## ACTION ITEM
Reproduce the data below in full and exclude every picture.

## SOURCE MATERIAL

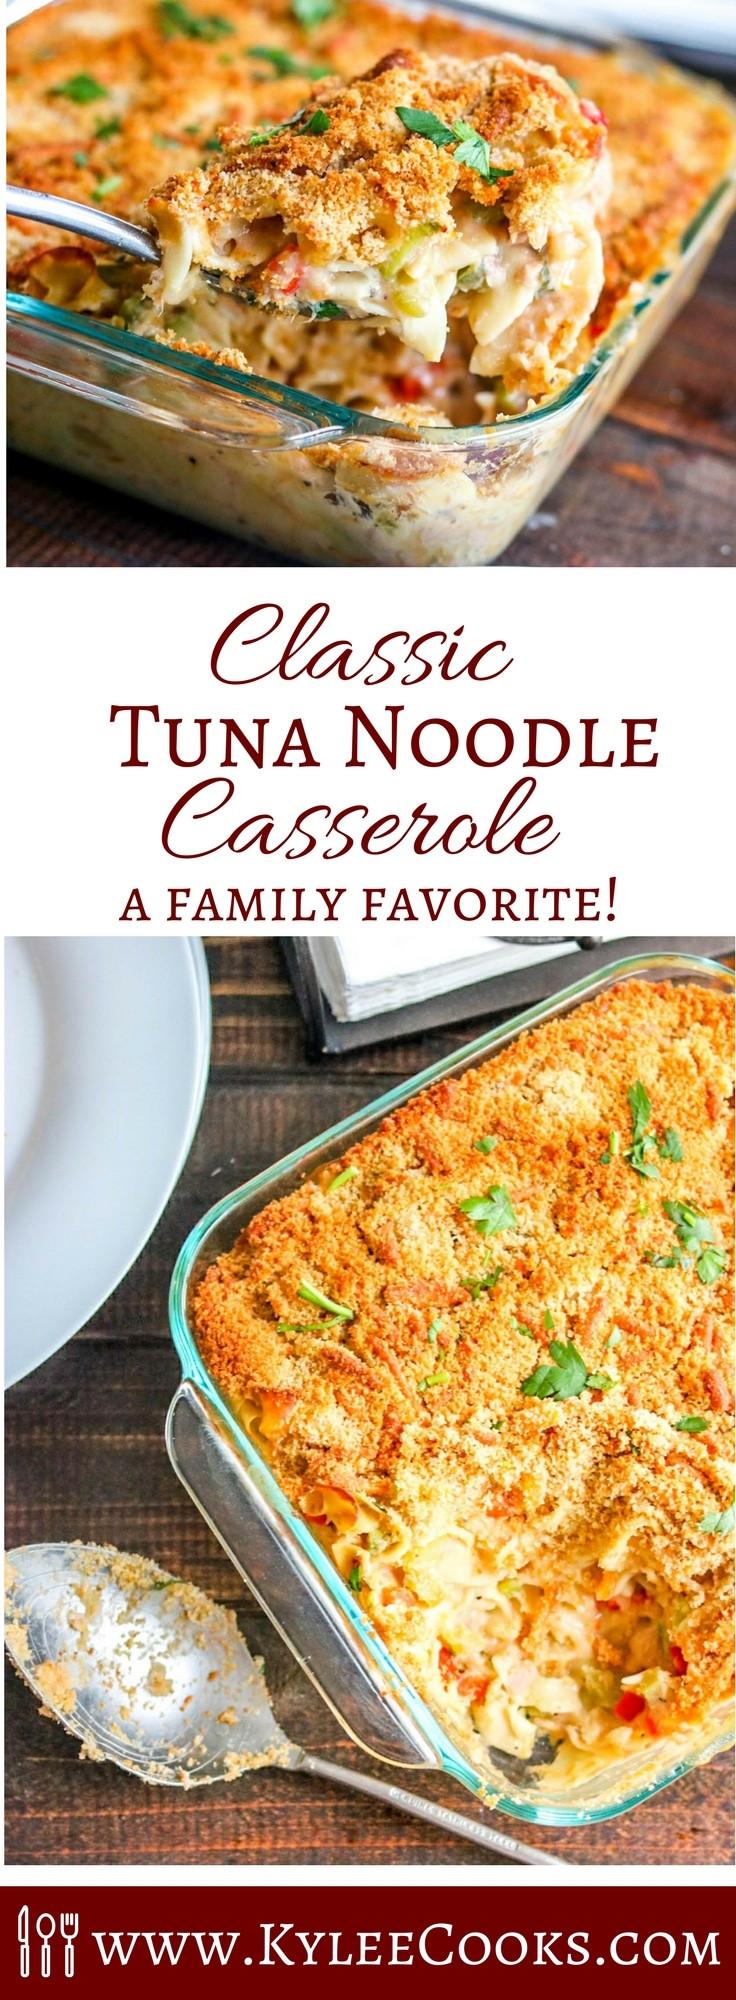 Classic Tuna Casserole  Weeknight Classic Tuna Noodle Casserole Kylee Cooks
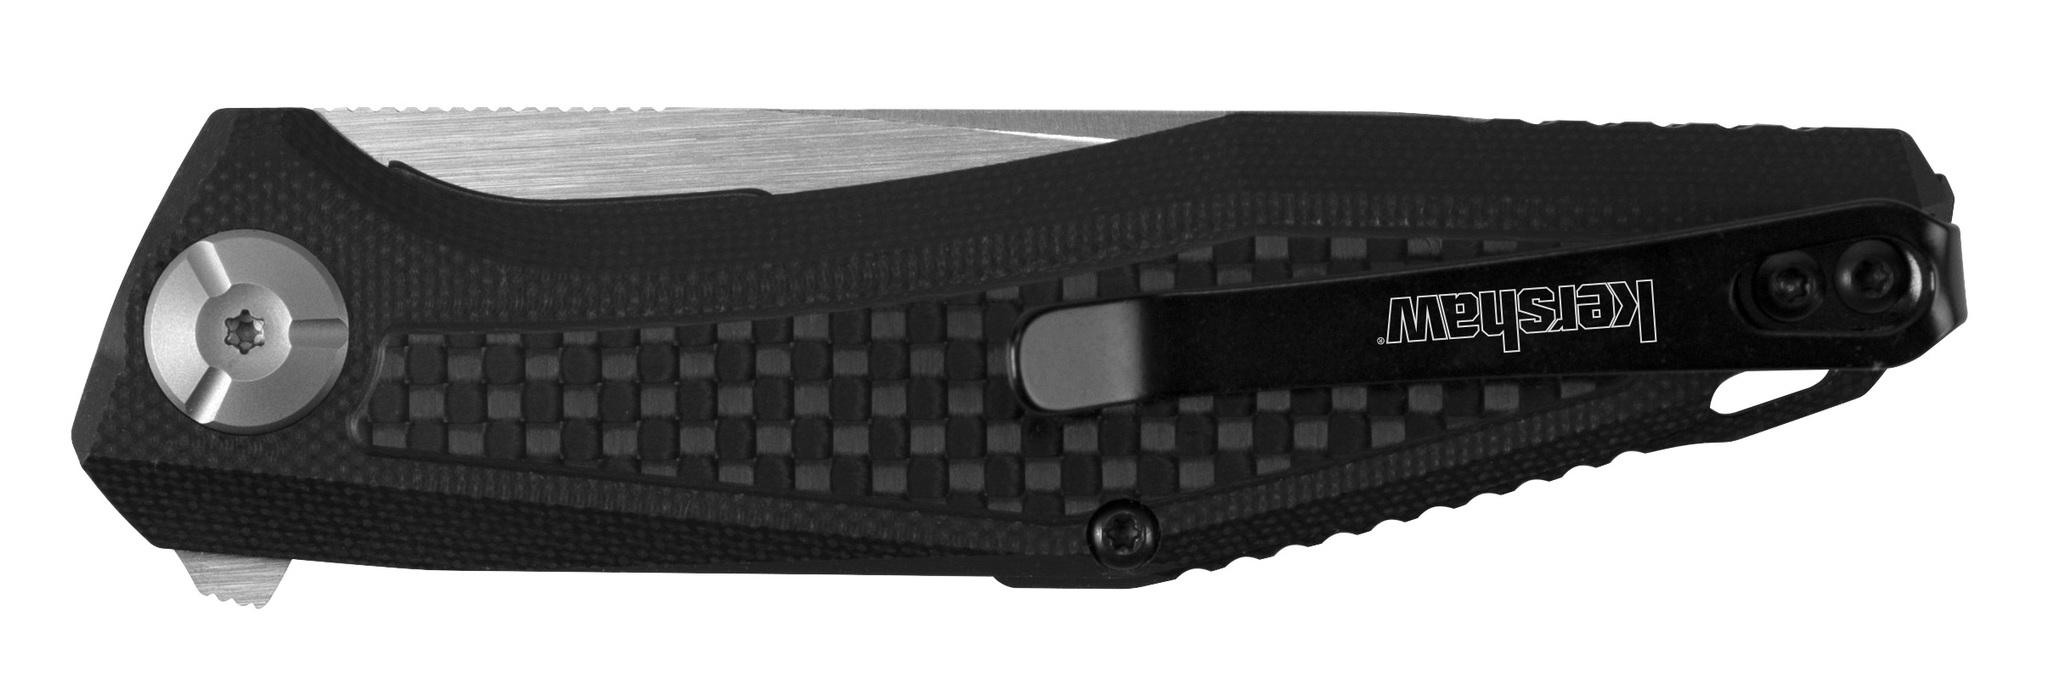 Фото 4 - Нож складной Atmos - Kershaw 4037, сталь 8Cr13MoV, рукоять G10/карбон
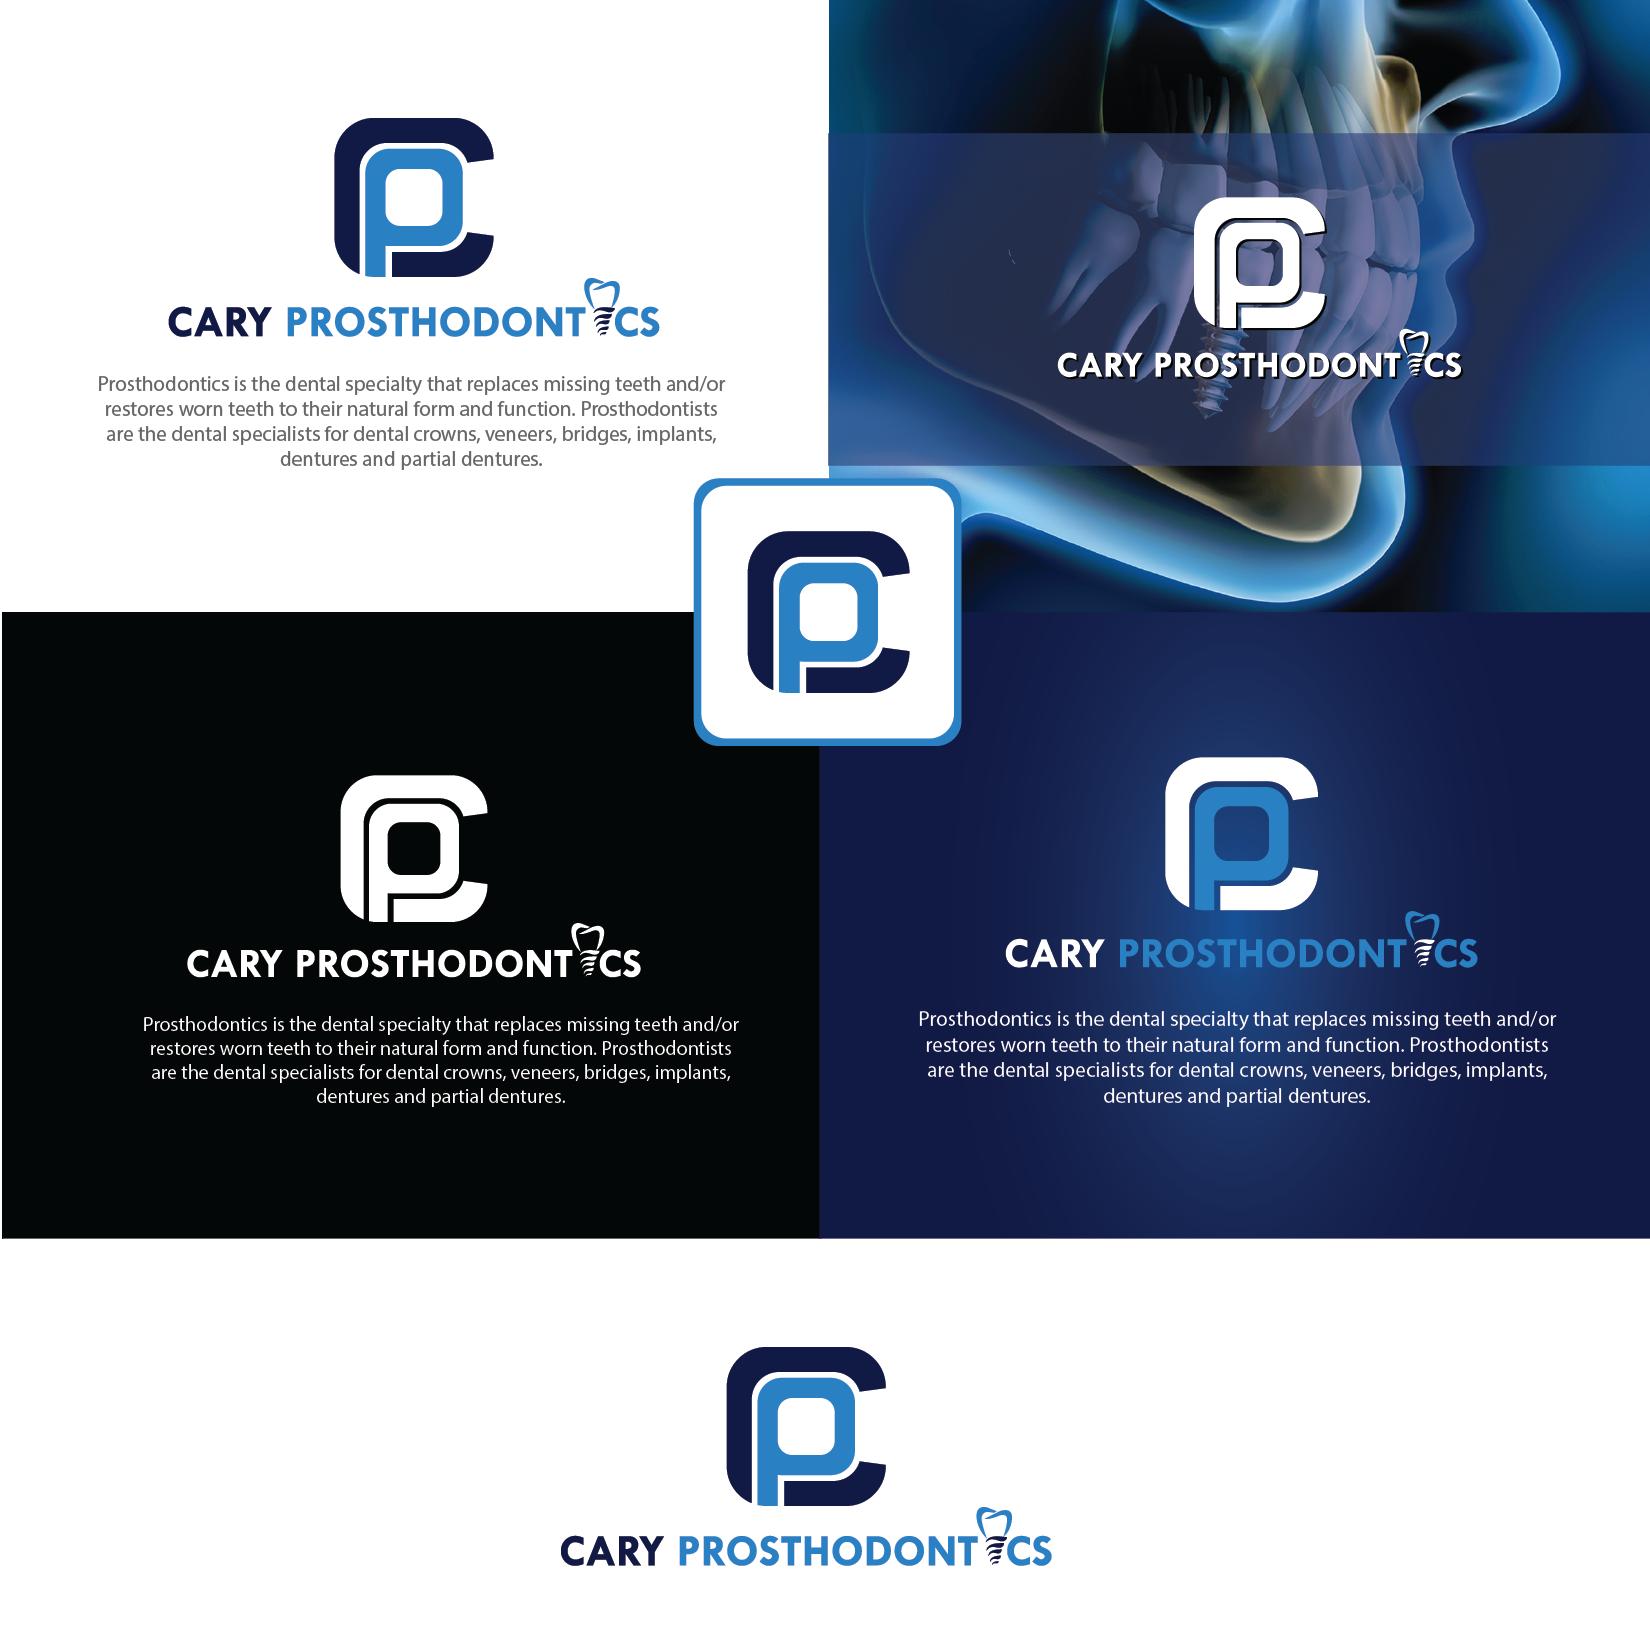 Logo Design by Private User - Entry No. 168 in the Logo Design Contest Cary Prosthodontics Logo Design.

## YOUR SOLUTION
 Classic Tuna Casserole  Weeknight Classic Tuna Noodle Casserole Kylee Cooks
 Фото 4 - Нож складной Atmos - Kershaw 4037, сталь 8Cr13MoV, рукоять G10/карбон
 Logo Design by Private User - Entry No. 168 in the Logo Design Contest Cary Prosthodontics Logo Design.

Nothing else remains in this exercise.